Orange Money Cameroun has suffered a legal setback in its dispute with the Caisse des dépôts et consignations (CDEC) over the BOFAS-Afriland case. On April 7, 2026, the Court of First Instance of Yaoundé Administrative Center rejected the mobile money operator’s request to cancel a payment order of more than CFA3.68 billion issued by the CDEC.
According to court records, the judge first dismissed Orange Money’s jurisdictional objection, then accepted the case for review but ultimately ruled against the company on the merits and ordered it to pay legal costs. The decision was declared immediately enforceable, with Orange Money granted 15 days to appeal.
In its filing, Orange Money had asked the court to nullify the payment order served on February 26, 2026, along with any subsequent enforcement actions.
The company challenged the legal basis of the procedure, arguing that it could not be held jointly liable without a prior court ruling. It maintained that its role as a third-party holder could only produce legal effects after a decision by an administrative judge ruling on its responsibility. This argument was not upheld by the court.
The dispute traces back several months. Orange Money said it received a third-party seizure notice on July 4, 2025, requesting the transfer of funds linked to Afriland First Bank.
The company also pointed to a March 20, 2025 administrative court order that had suspended the mobilization of guarantees issued by Afriland in connection with the project. It argued that it was caught between two enforceable decisions: a court ruling on one side and a recovery notice on the other.
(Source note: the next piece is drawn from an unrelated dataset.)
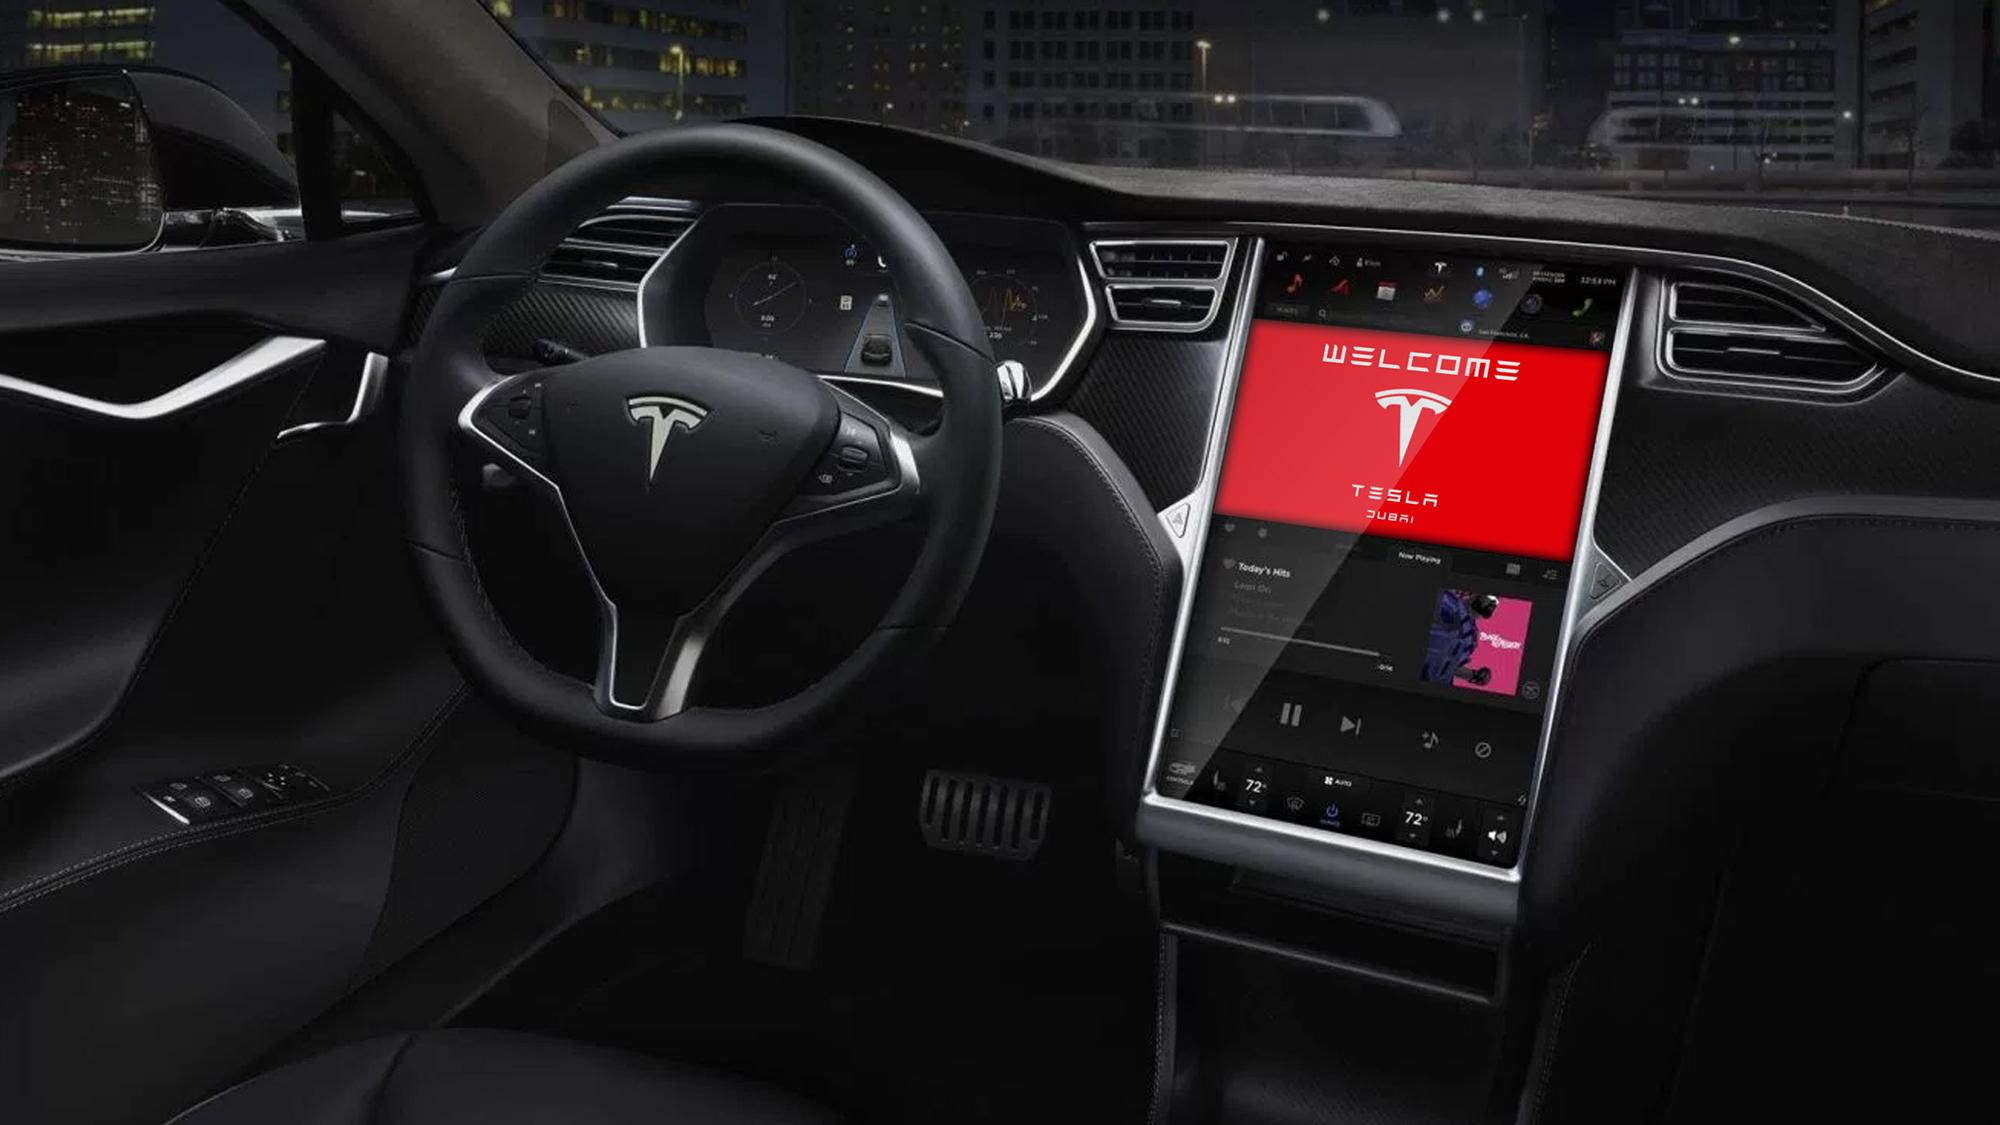 Tesla-font7.jpg
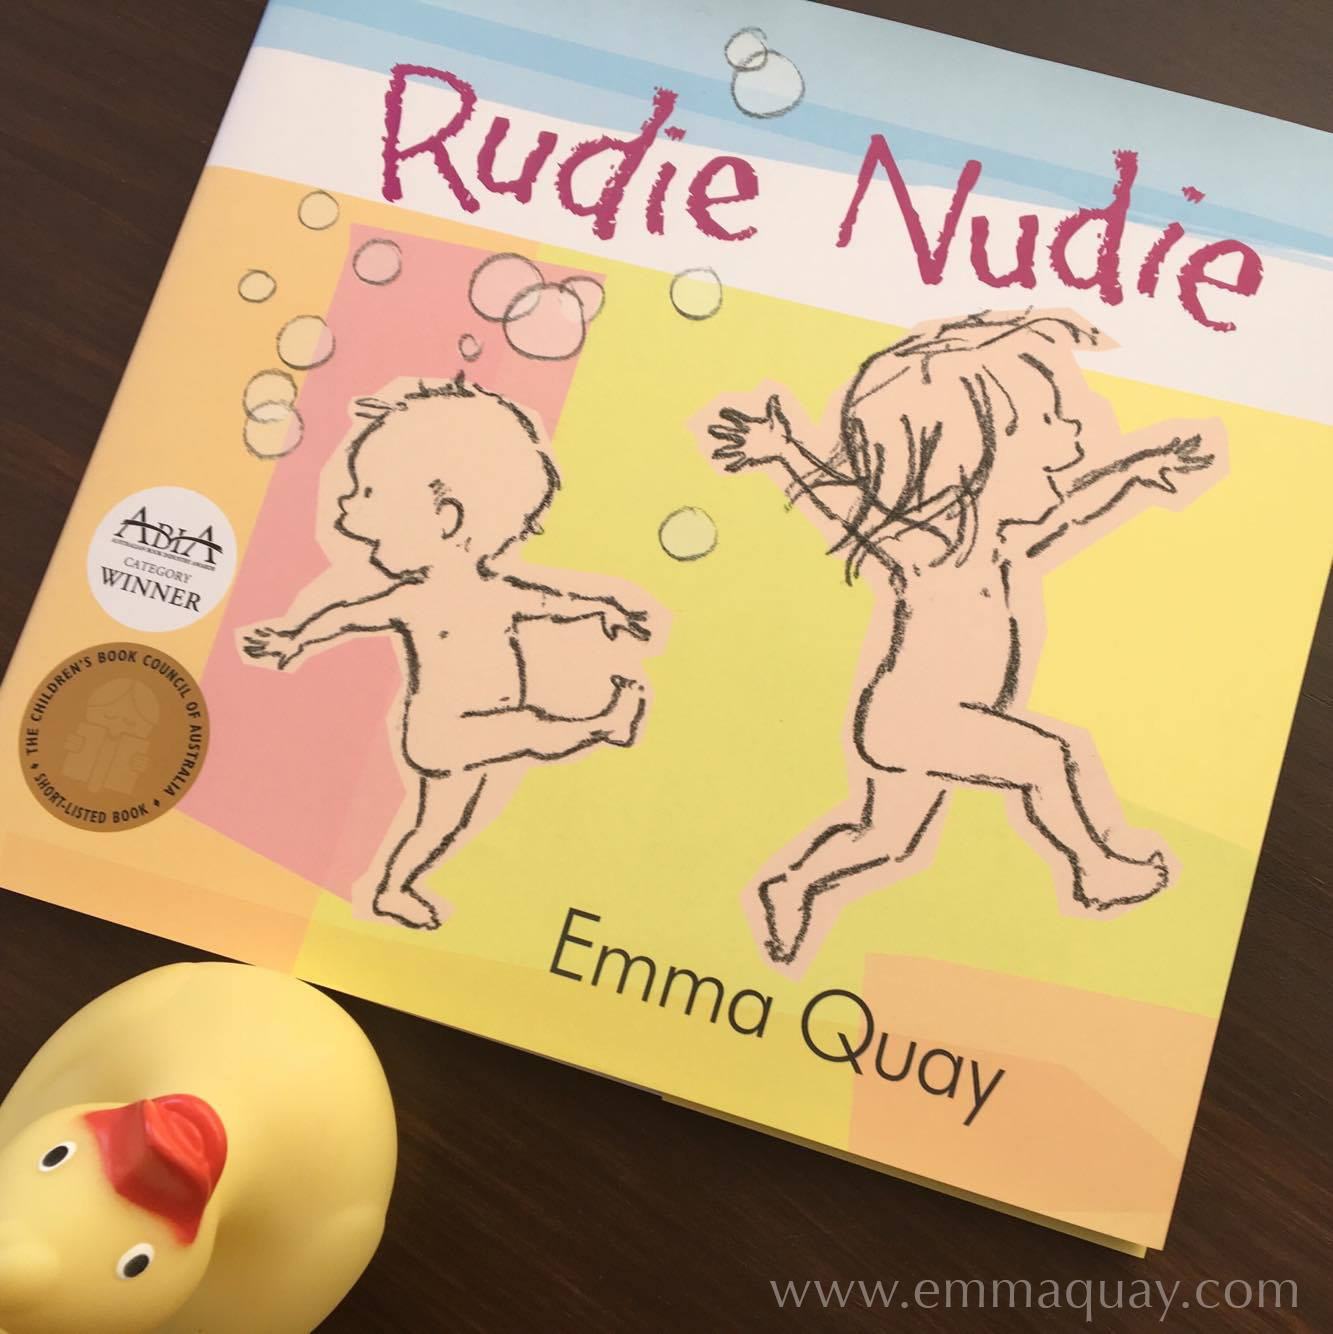 RUDIE NUDIE by Emma Quay (ABC Books) •http://www.emmaquay.com

According to its submissions, the process continued with a recovery notice issued on December 19, 2025, followed by a payment demand on January 30, 2026, and the contested order on February 26.
Sources within the CDEC indicate that Orange Money’s resistance to the recovery process could expose it to late payment penalties, based on a decree adopted on December 1, 2023 governing the transfer of funds to the institution. The regulation provides for interest charges calculated at the BEAC marginal lending rate plus two percentage points for delayed payments.
These penalties could reach around CFA150 million, according to the same sources, though this figure has not been independently confirmed.
The CDEC is also considering additional measures to enforce payment, including the possibility of freezing assets held by Orange Money within the banking system.
BGFIBank Cameroun, also involved in the case as a presumed third-party holder, has taken a different approach. Since March 26, 2026, the bank has withdrawn from all ongoing legal proceedings to open negotiations with the CDEC, according to correspondence reviewed by Investir au Cameroun.
Led by Abakal Mahamat, the bank appears to be seeking a settlement to limit its exposure, in contrast to Orange Money’s legal challenge.
The dispute stems from the BOFAS case, involving a public works contract awarded in 2022 for the Bamenda–Babadjou road section, valued at CFA14.32 billion and initially scheduled for completion within 15 months. The contract was later terminated due to delays in execution.
Since then, the case has shifted from infrastructure works to the recovery of financial guarantees, estimated at nearly CFA3.68 billion and issued by Afriland First Bank. It is in this context that the CDEC initiated forced recovery proceedings against third-party holders.
The institution relies on treasury privilege provisions, including Article 43 of the April 14, 2008 law governing deposits and consignments, which allows seizure to proceed regardless of opposition.
The targeted funds correspond to Afriland First Bank assets held by entities such as BGFIBank Cameroun and Orange Money Cameroun. These entities are not the original debtors but are considered holders of funds subject to seizure under the recovery process.
While the case is not yet closed, the first-instance ruling strengthens the CDEC’s position in a dispute that now extends beyond the BOFAS-Afriland file. At stake is the broader balance between public contract enforcement, financial guarantees, and the liability of third-party holders—an issue with implications for the wider banking and financial sector.